Only one part of the listing is needed: the lines from the one with "Levi's Space Dye" through the last line, copied exactly and free of pictures.

** Data segment **
- Opening Delimiter -

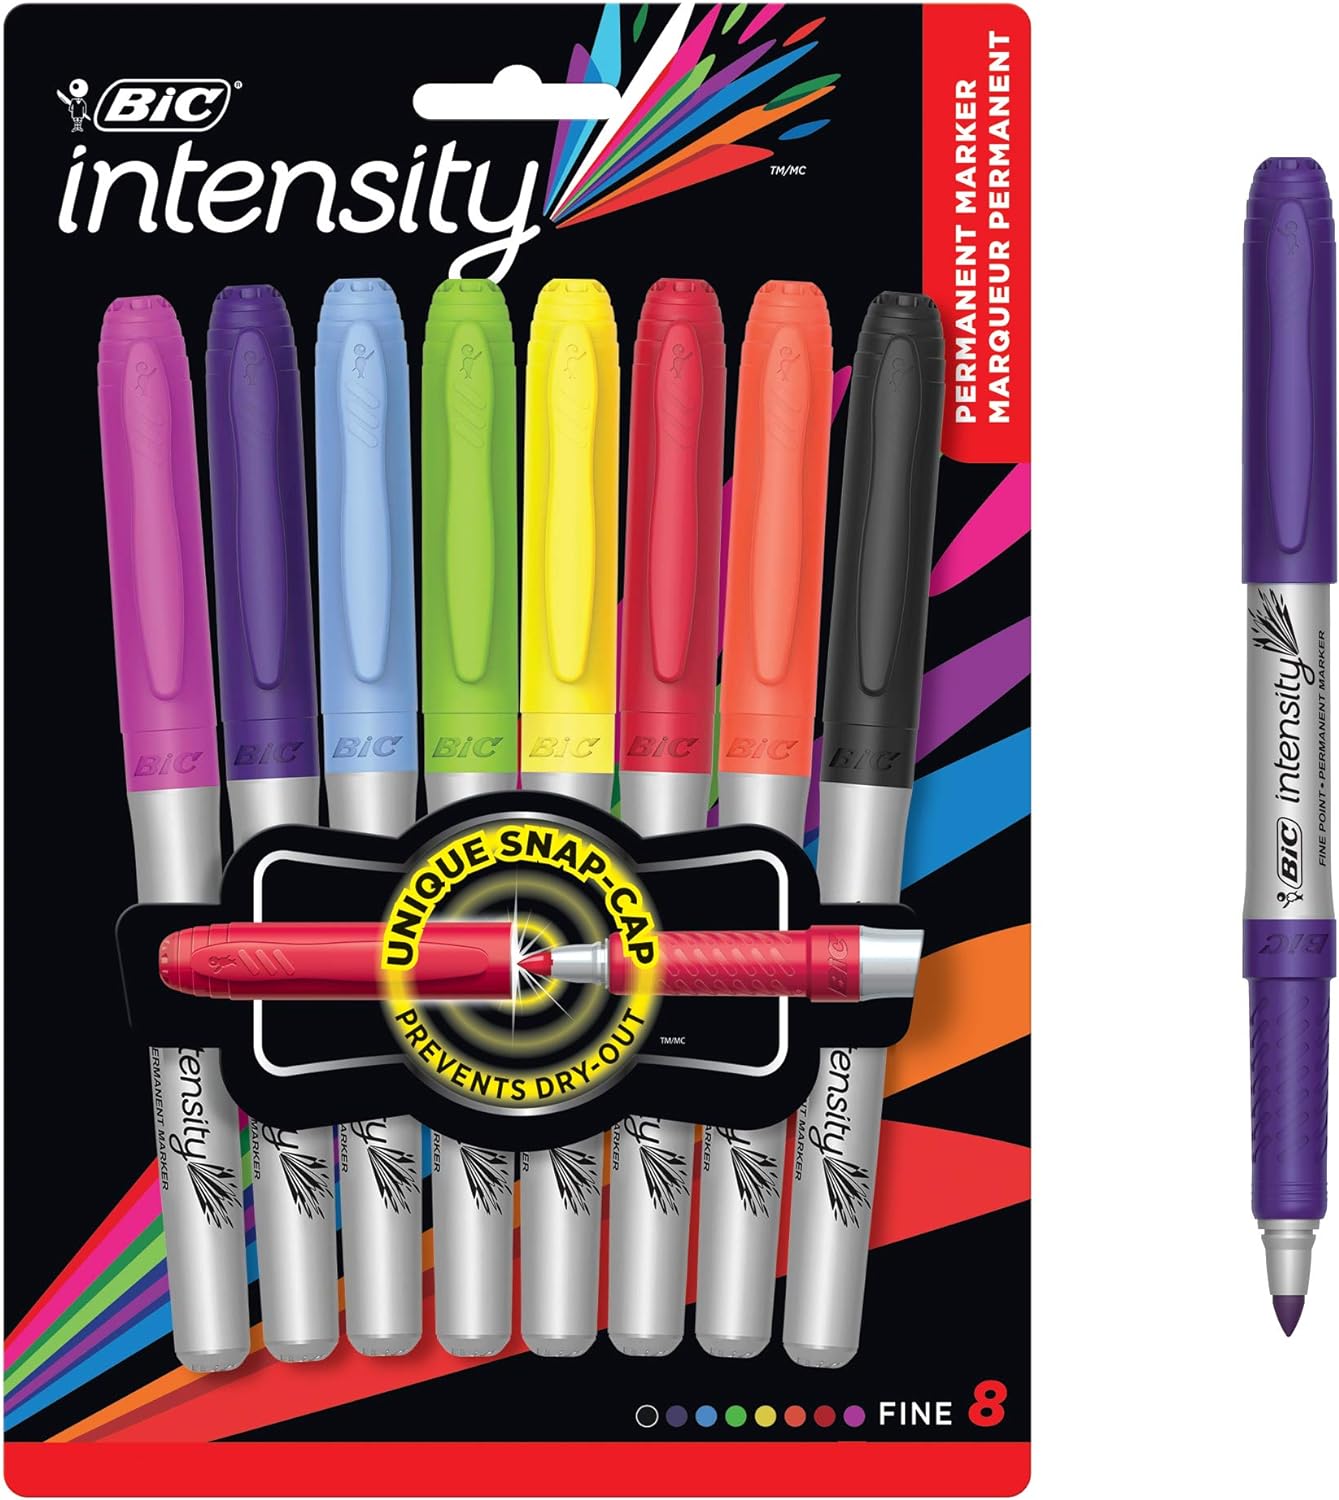 My daughter and I both enjoy using the Bic markers in our adult coloring books.The colors are true to what the cap shows. And the saturation is great. I love the color selection and the gradation this package offers.Excellent product !
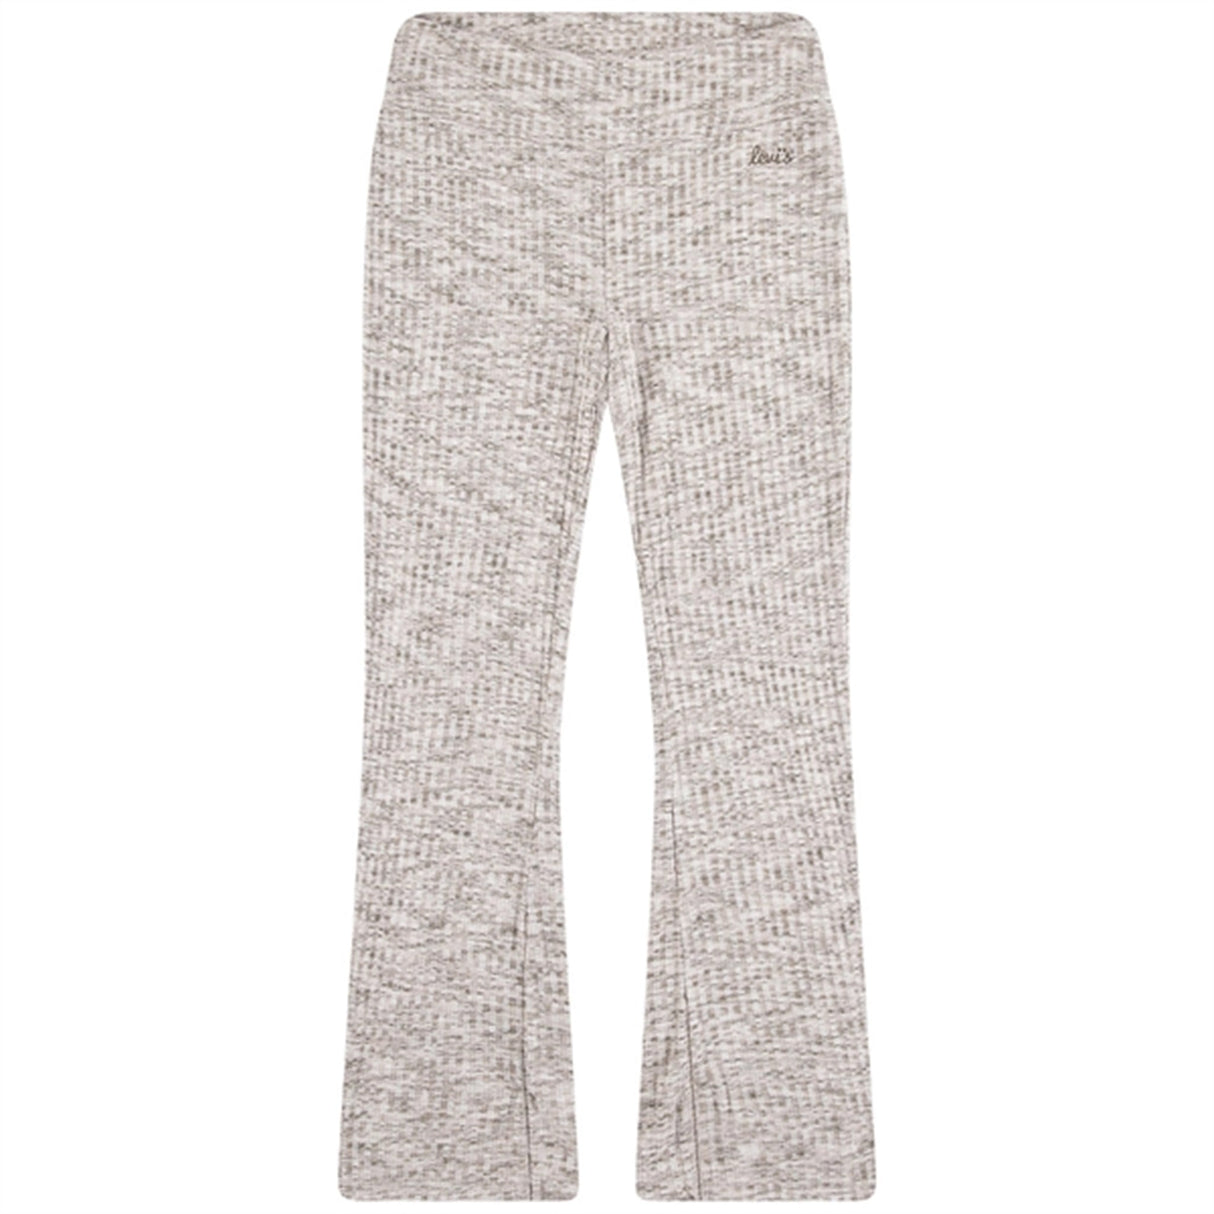 Levi's Space Dye Flared Knit Pants Creme Brulee
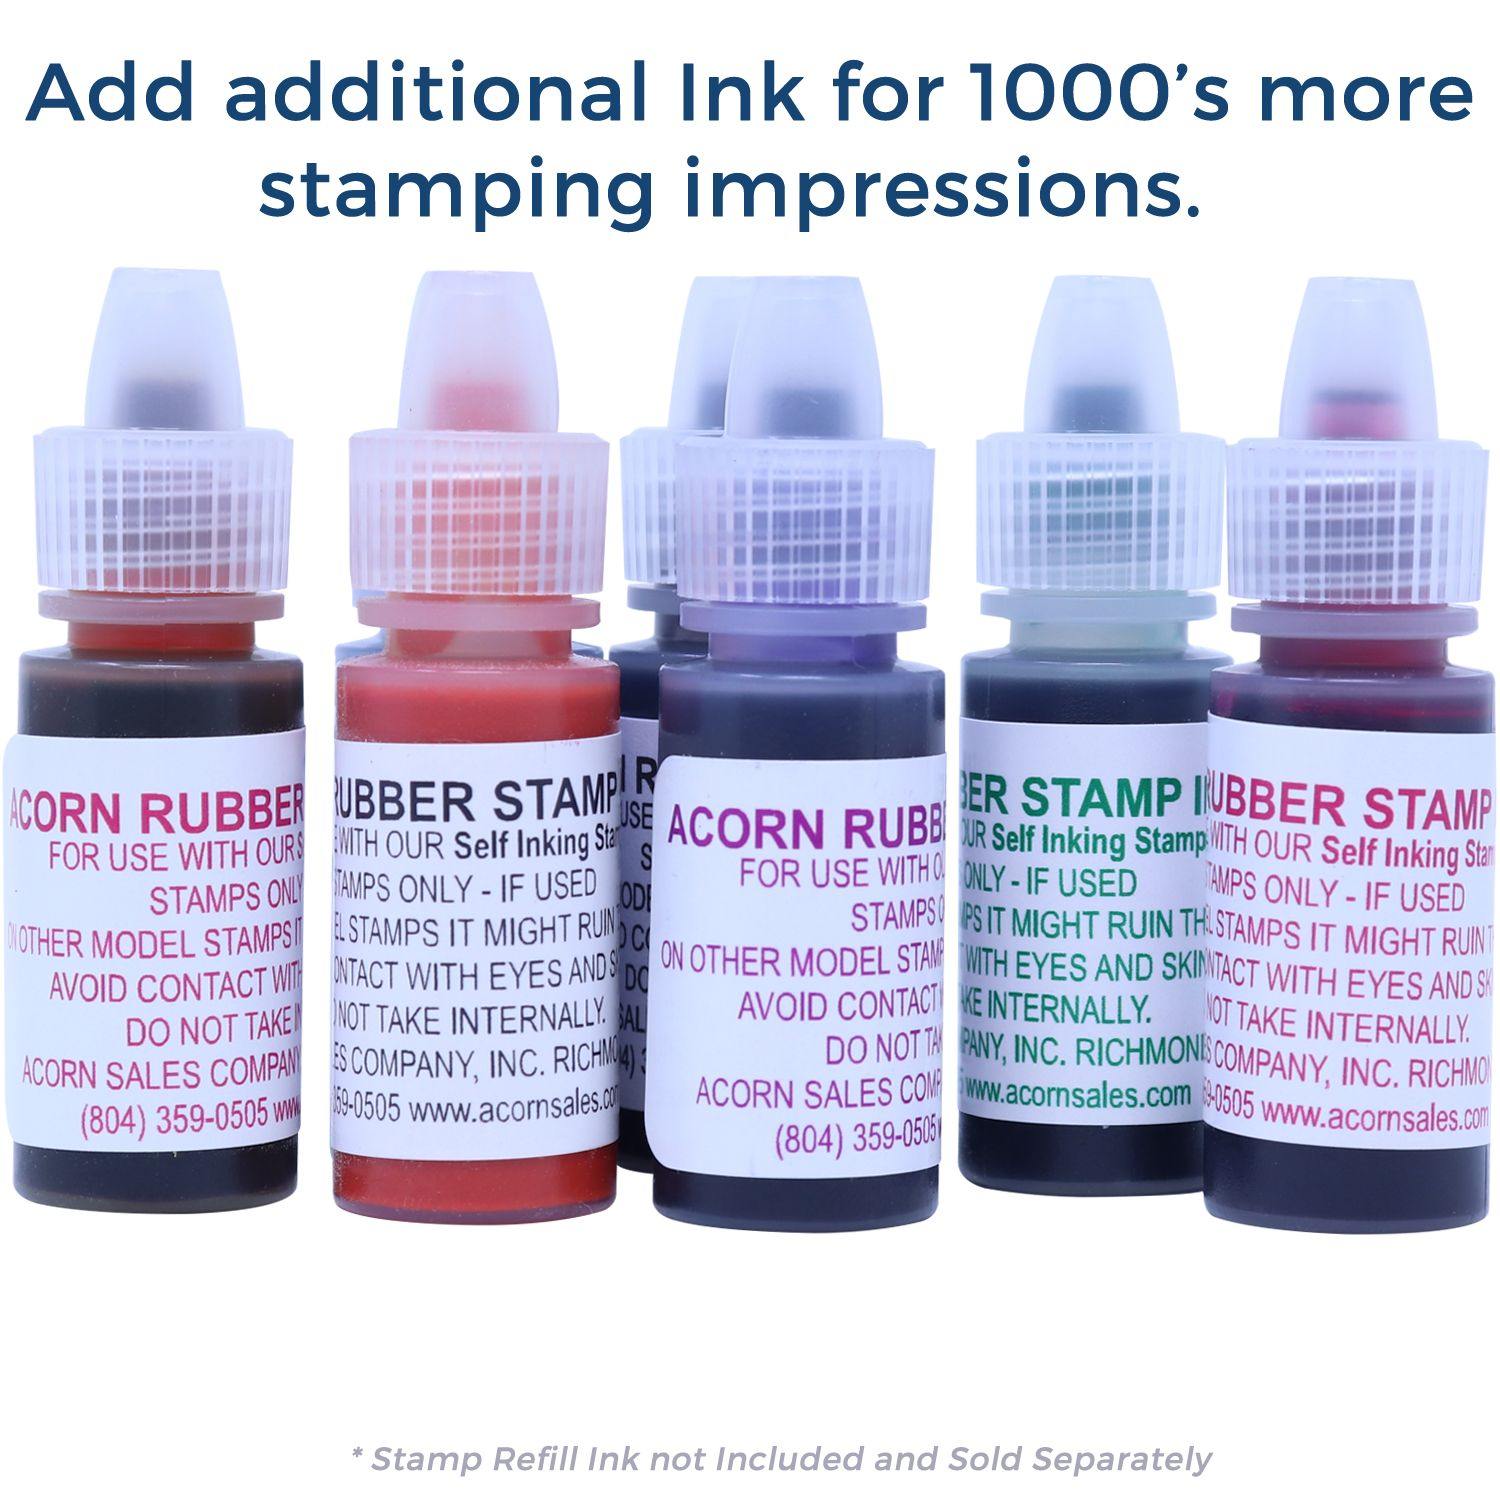 Refill Inks for Large Pre-Inked Amortizado Stamp Available
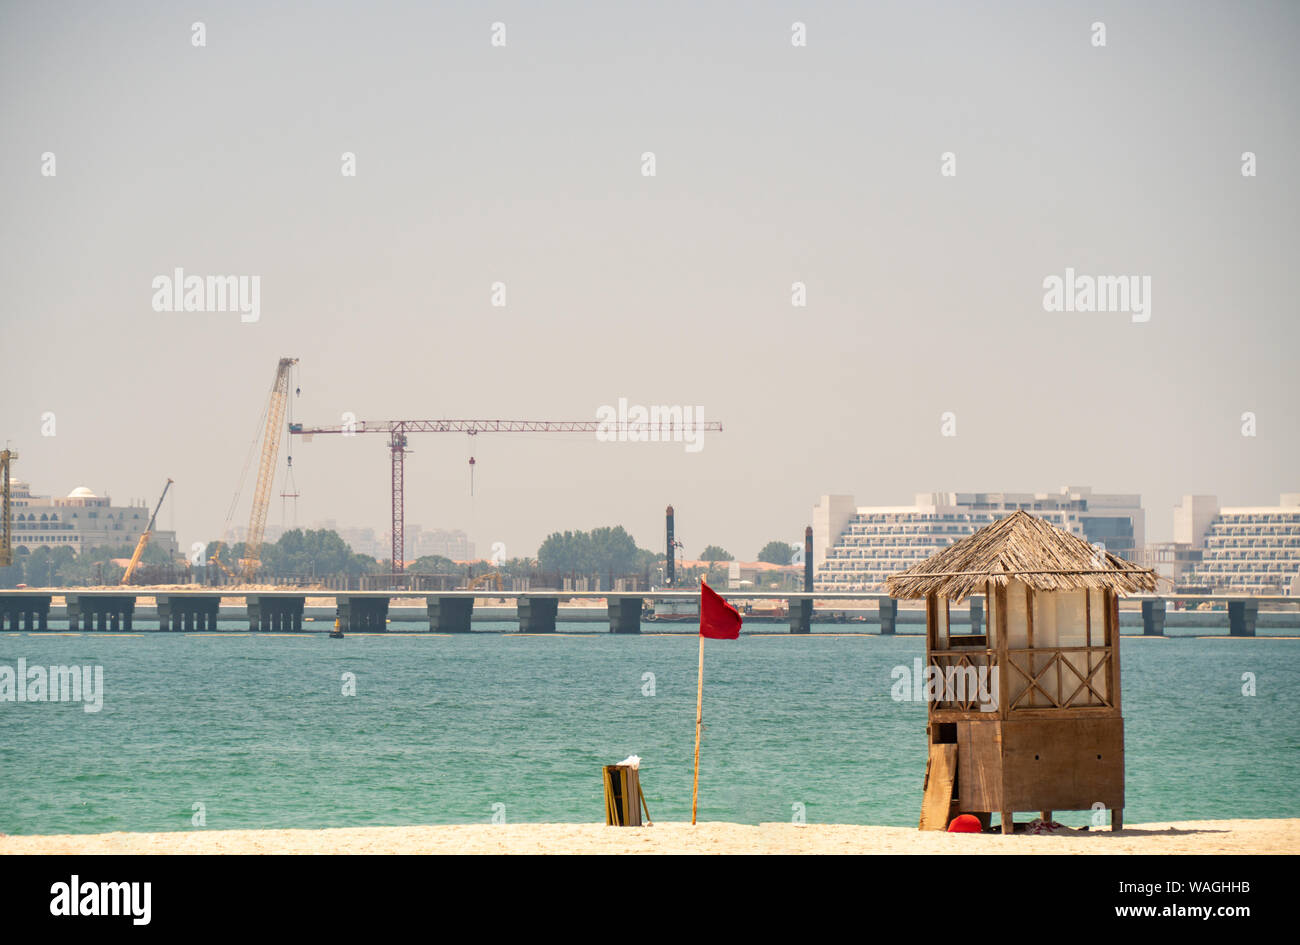 View of an empty beach with a red flag and life guard post. Dubai beach with a crane in the background Stock Photo

- Closing Delimiter -

** Exercise output **
 Levi's Space Dye Flared Knit Pants Creme Brulee
 Refill Inks for Large Pre-Inked Amortizado Stamp Available
 View of an empty beach with a red flag and life guard post. Dubai beach with a crane in the background Stock Photo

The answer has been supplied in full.